Input START
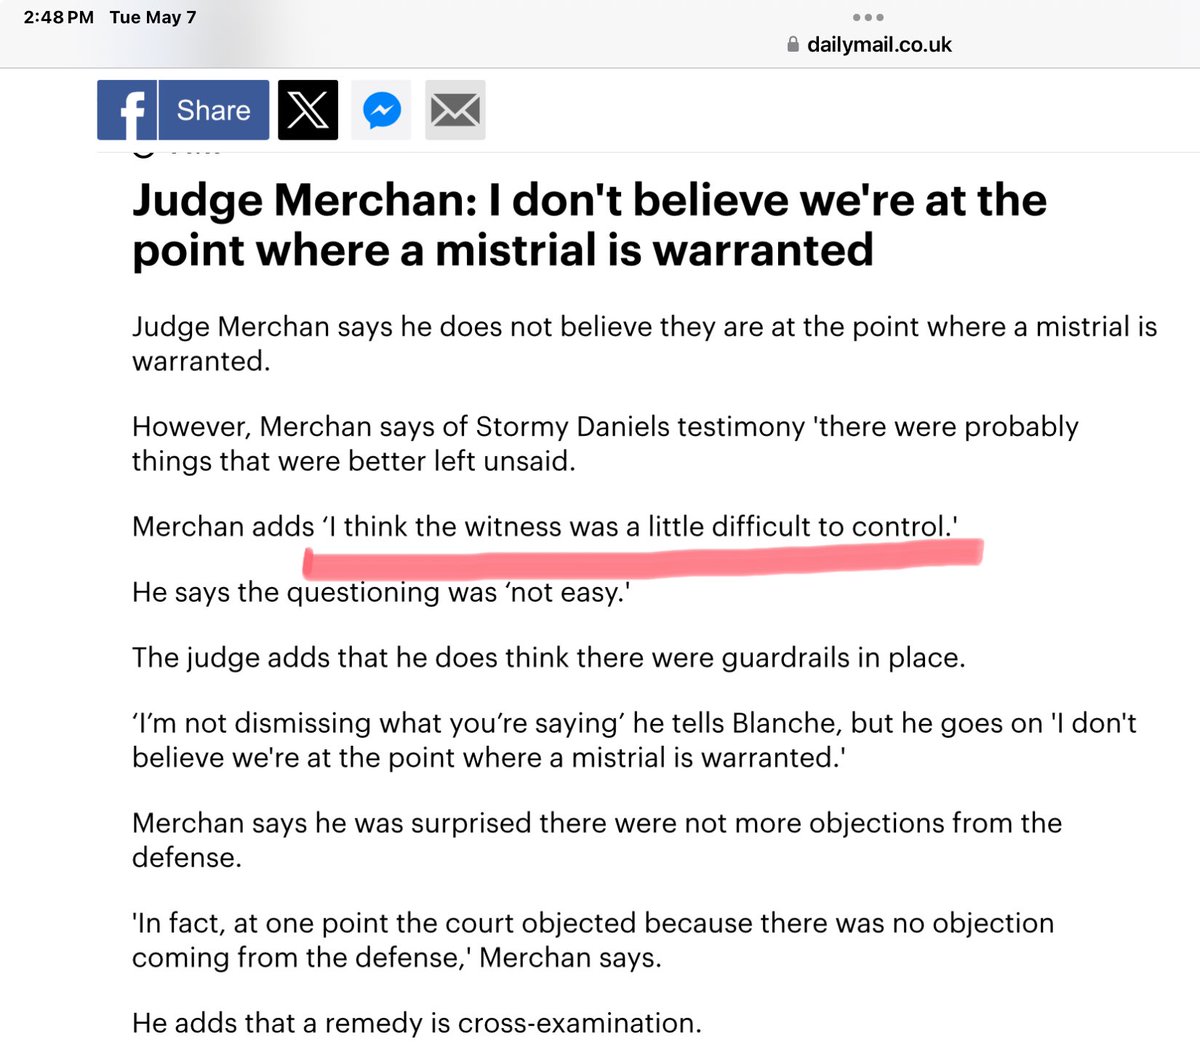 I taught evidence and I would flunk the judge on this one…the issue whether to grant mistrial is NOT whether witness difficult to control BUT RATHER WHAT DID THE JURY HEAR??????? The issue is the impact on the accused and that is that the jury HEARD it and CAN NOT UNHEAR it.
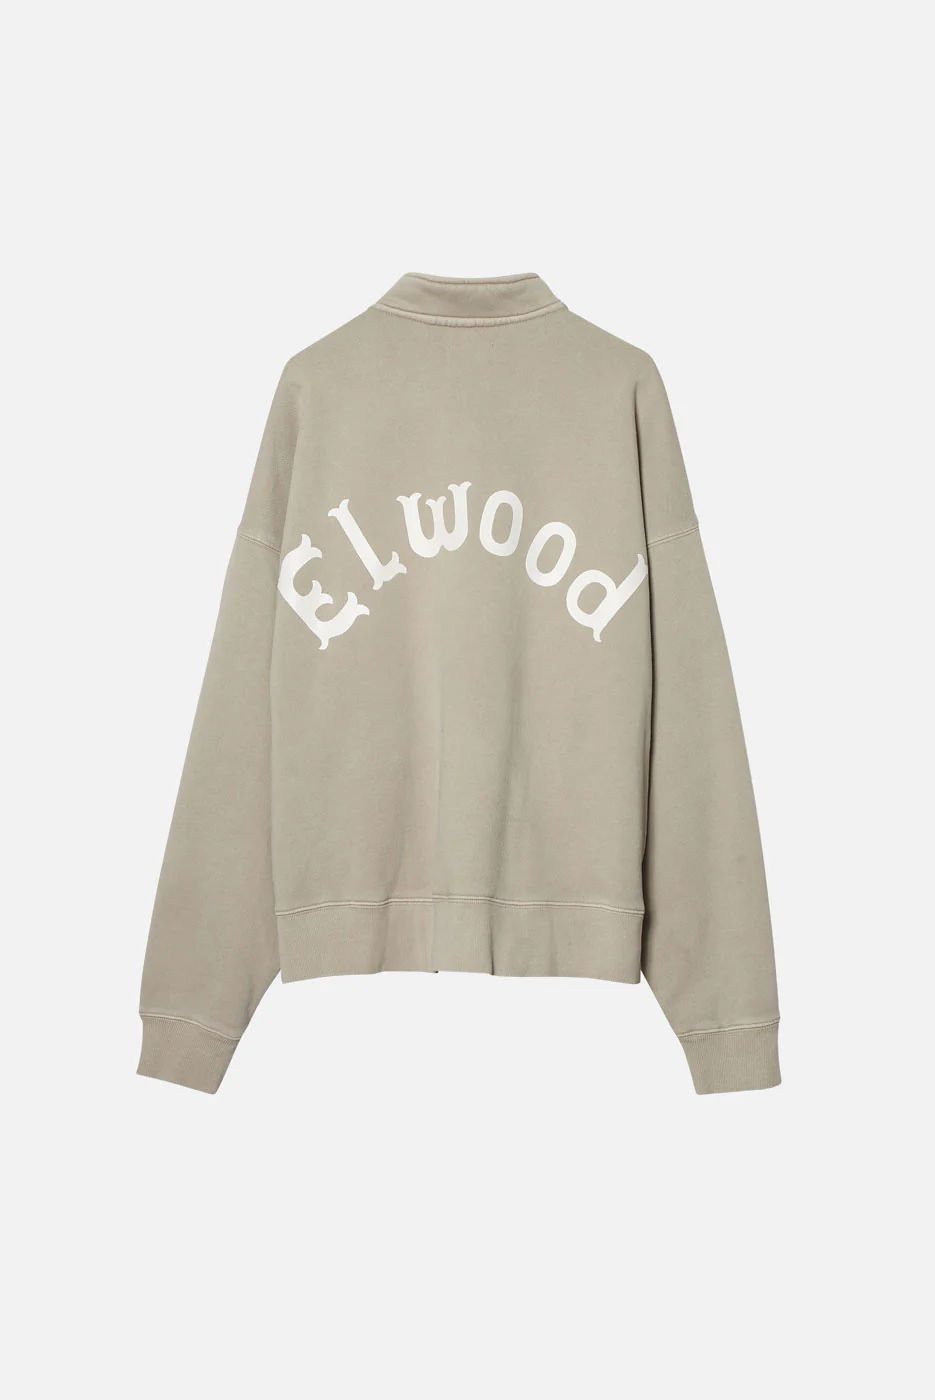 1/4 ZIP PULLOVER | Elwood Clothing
Input END
Input START
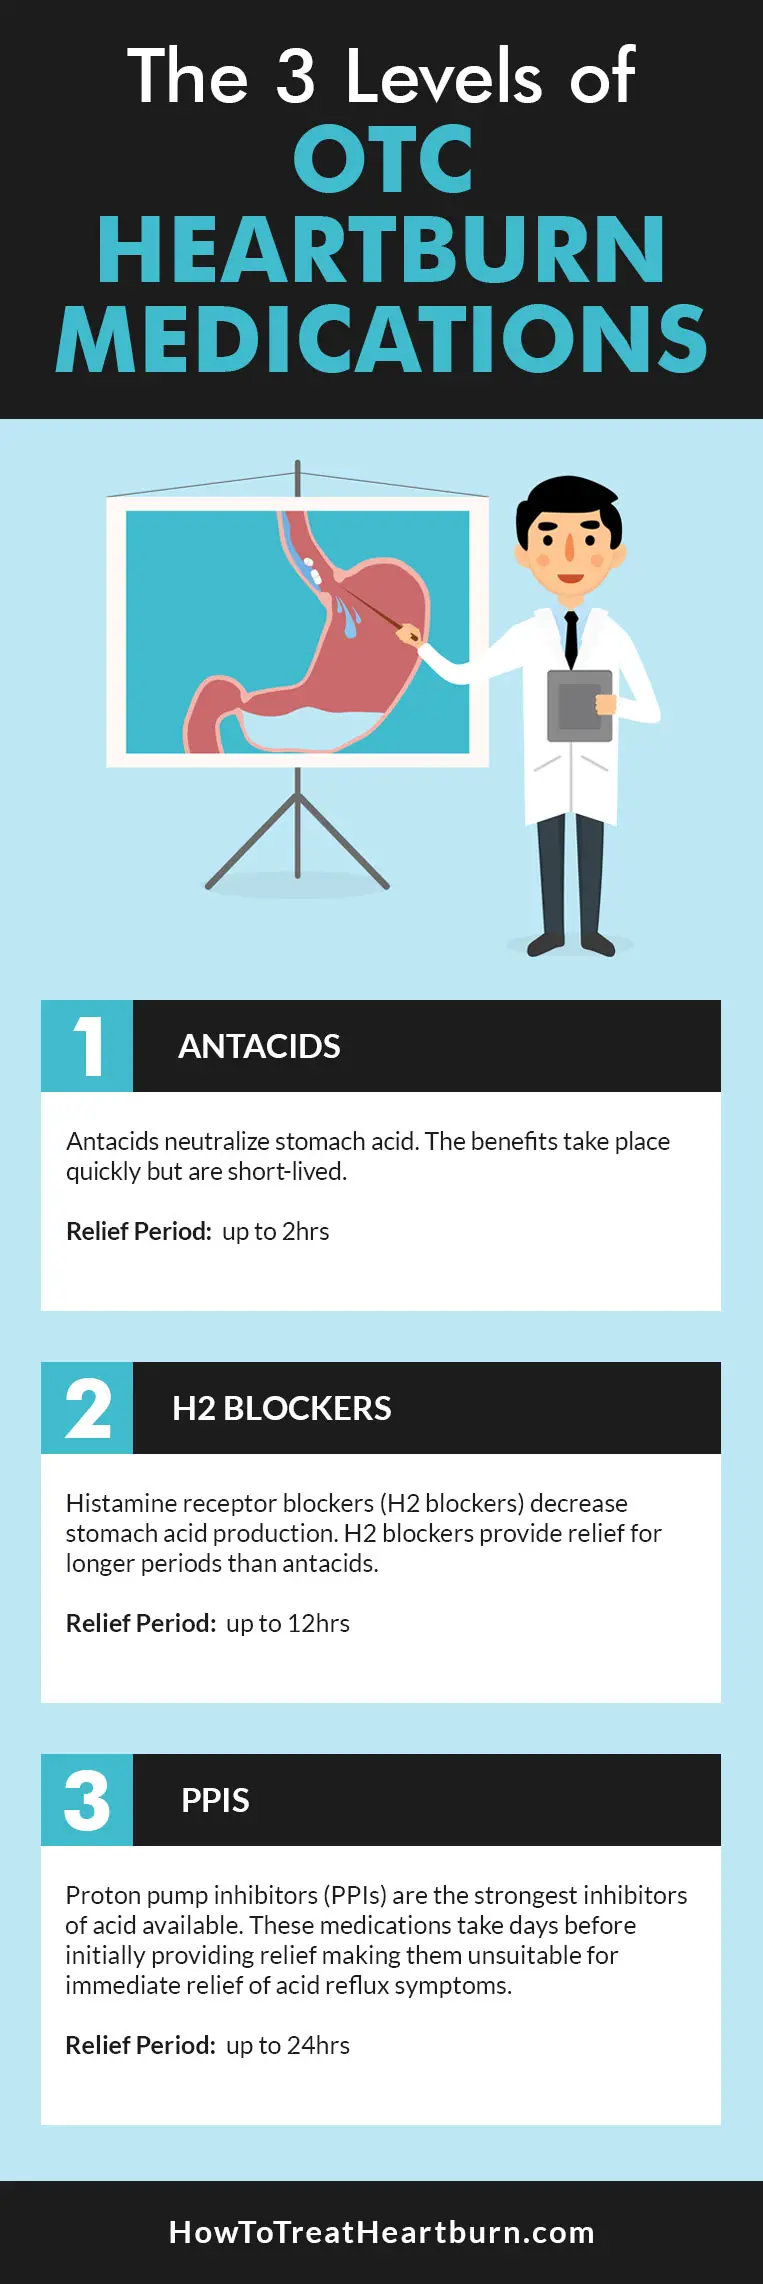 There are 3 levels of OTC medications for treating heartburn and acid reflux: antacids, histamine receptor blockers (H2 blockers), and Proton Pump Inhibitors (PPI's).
Input END
Text only, no pictures: please print exactly the lines above from the line with "I taught evidence" up to and including the line with "1/4 ZIP PULLOVER | Elwood Clothing", and nothing else.

 I taught evidence and I would flunk the judge on this one…the issue whether to grant mistrial is NOT whether witness difficult to control BUT RATHER WHAT DID THE JURY HEAR??????? The issue is the impact on the accused and that is that the jury HEARD it and CAN NOT UNHEAR it.
 1/4 ZIP PULLOVER | Elwood Clothing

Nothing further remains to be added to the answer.